You’ve no doubt heard of GHB (gamma-Hydroxybutyric acid) as a notorious “date rape” drug. The story doesn’t end there. Turns out it’s now popular as an intoxicant among urban “club kids”, in direct competition with longtime faves such as Ecstasy.
Here’s an article from The Guardian that illustrates the problem.
We get a look at two young Englishwomen as they dose and re-dose on a schedule throughout the course of an evening. The idea is to maintain a level of the drug in the system that sustains euphoria without putting the user to sleep. You can tell as you read that is something of a challenge. On other occasions, I suspect things have not gone well.
Unfortunately, there do appear to be some consequences to repeated use, at the moment only poorly understood.

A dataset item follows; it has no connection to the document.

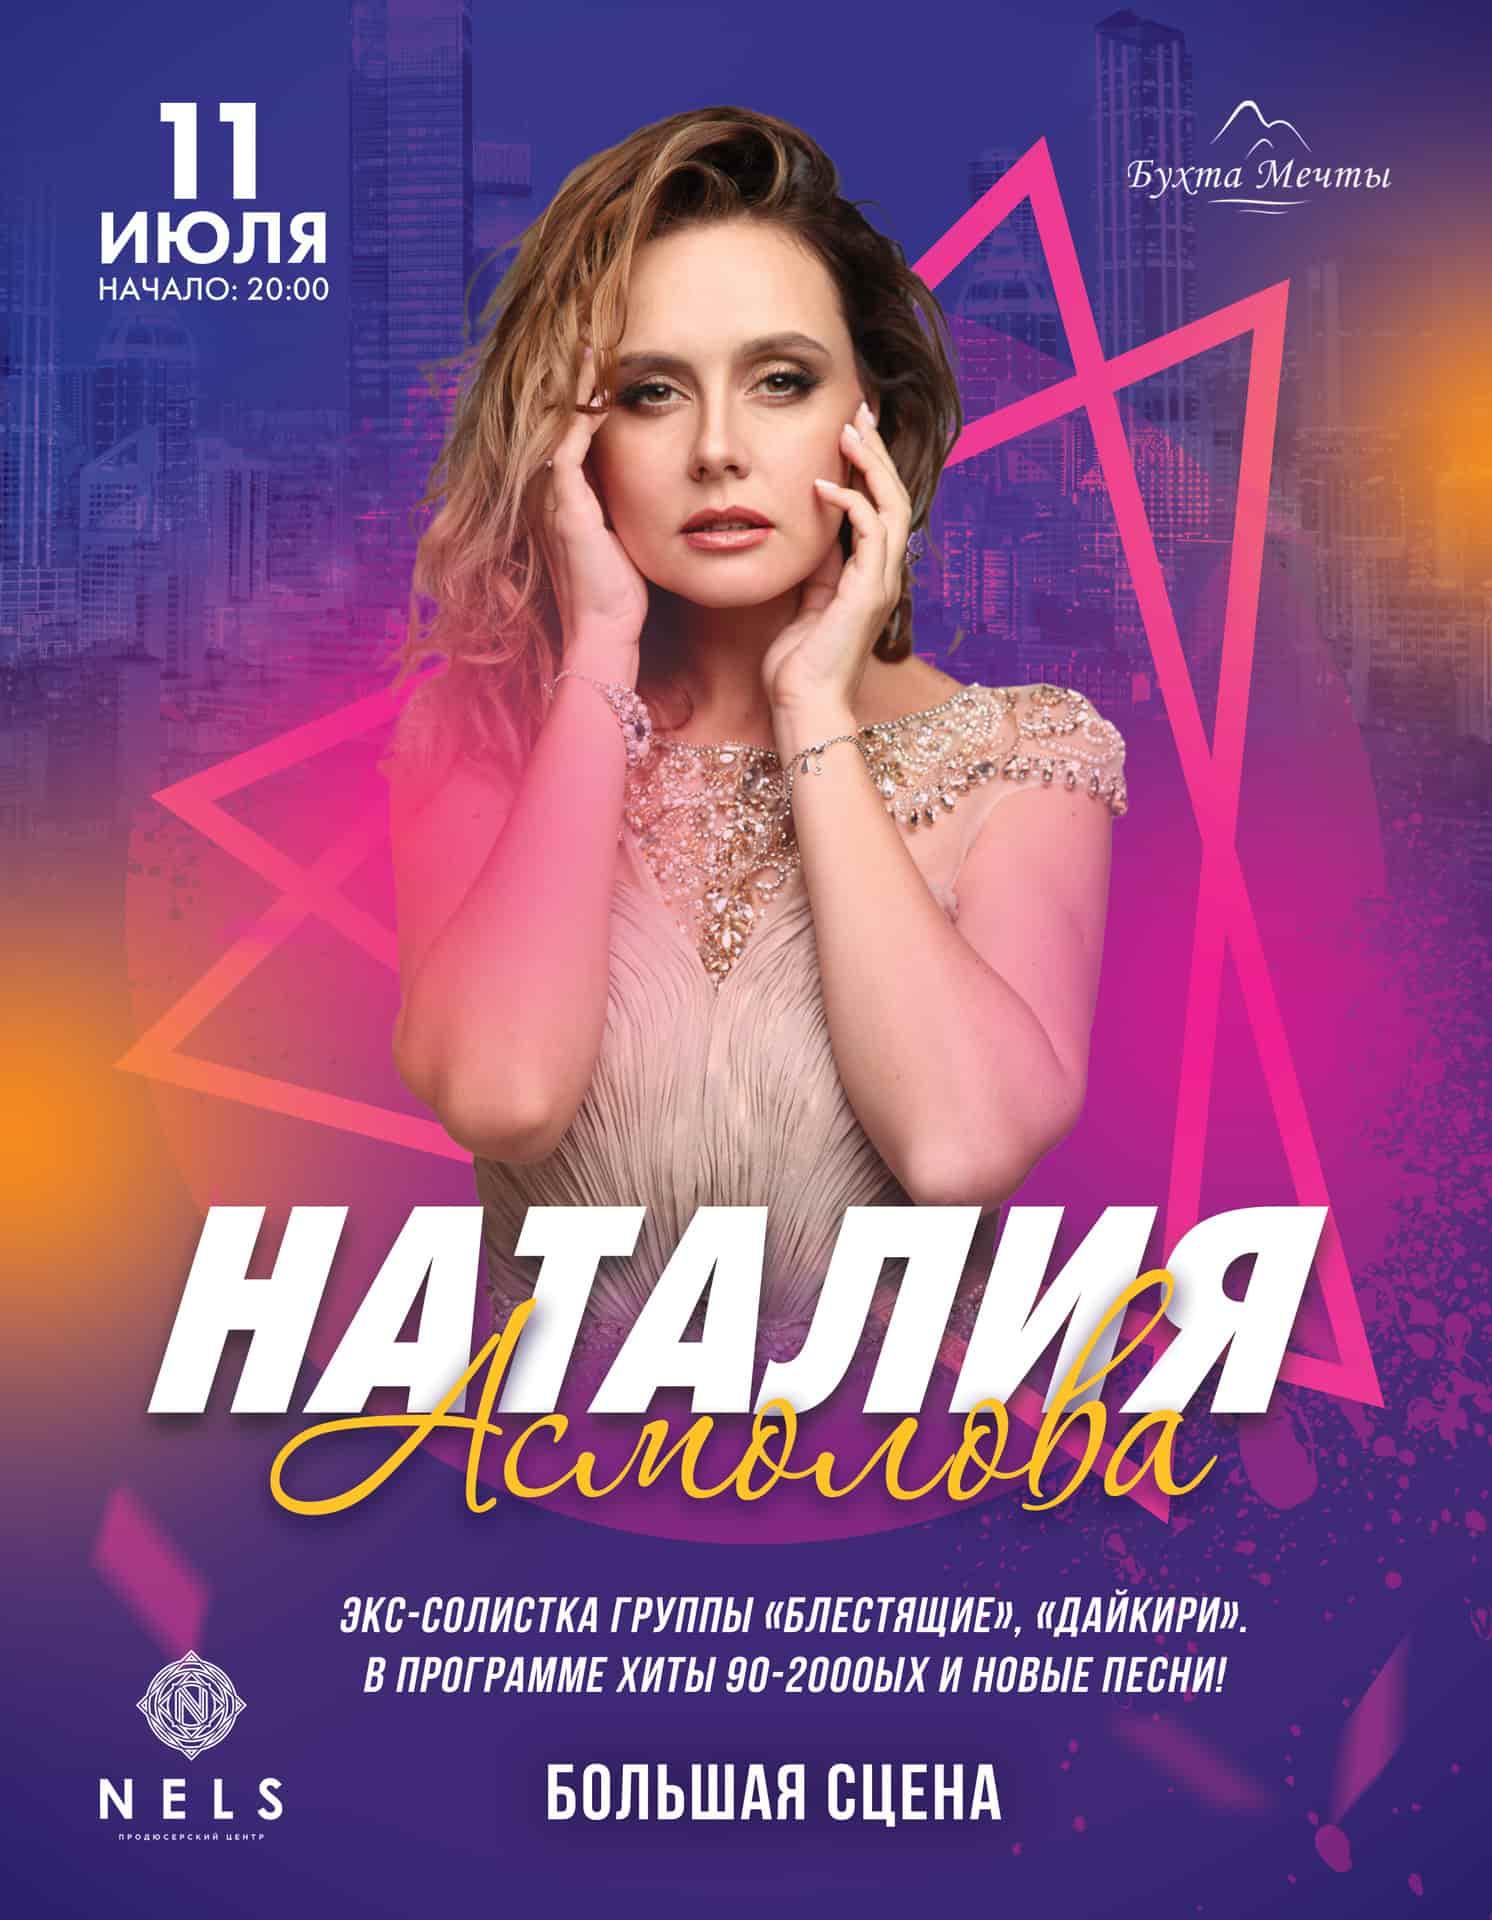 Наталия Асмолова в Бухте Мечты

In terms of drug class, GHB fits in the broad category of CNS depressants, along with alcohol and the benzodiazepine sedatives. Dropping it into someone’s drink when they’re not looking is a way of rendering them temporarily sedated or even unconscious, via synergism. That’s the date rape scenario.
Initially, researchers hoped that GHB would have legitimate medical value, perhaps as a treatment for disorders such as narcolepsy. It was also marketed to the health and fitness crowd, as an energy booster, muscle builder, and fat burner. All that came to an abrupt end when the FDA, concerned about the frequency of overdose, reclassified GHB as a Schedule 1 controlled substance.
As the article suggests, GHB comes mostly in liquid form, through spray or drops. There’s no quality control so the potency can vary drastically between samples. It’s easy to take too much. When that happens, a coma may result. After waking, it’s common to have suffered memory loss.
One study reports that some participants readily acknowledged more than 50 such coma incidents. The same study found evidence of negative effects on short and long term memory and IQ, along with increased stress & anxiety. More research is needed, of course, but that’s not a promising start.
Is GHB addictive? It depends on your definition of addiction. Tolerance does develop. There’s no indication of a classic physiological withdrawal syndrome, but users do report so-called “rebound” symptoms post-use, in the form of anxiety and panic, irritability, and disrupted sleep.
Of course, we now understand that alcohol-like somatic withdrawal symptoms– tremors, nausea, vomiting, et al– are a feature of many substance disorders, but they’re not a requirement. Cocaine and methamphetamine taught us that much.
I imagine that for GHB as for other substances of this type, there will be a vulnerable population who become seriously dependent, while other users don’t.
Right now, GHB abuse is largely (but not exclusively) an urban phenomenon. Will it stay that way, or expand to other areas? We’ll be watching.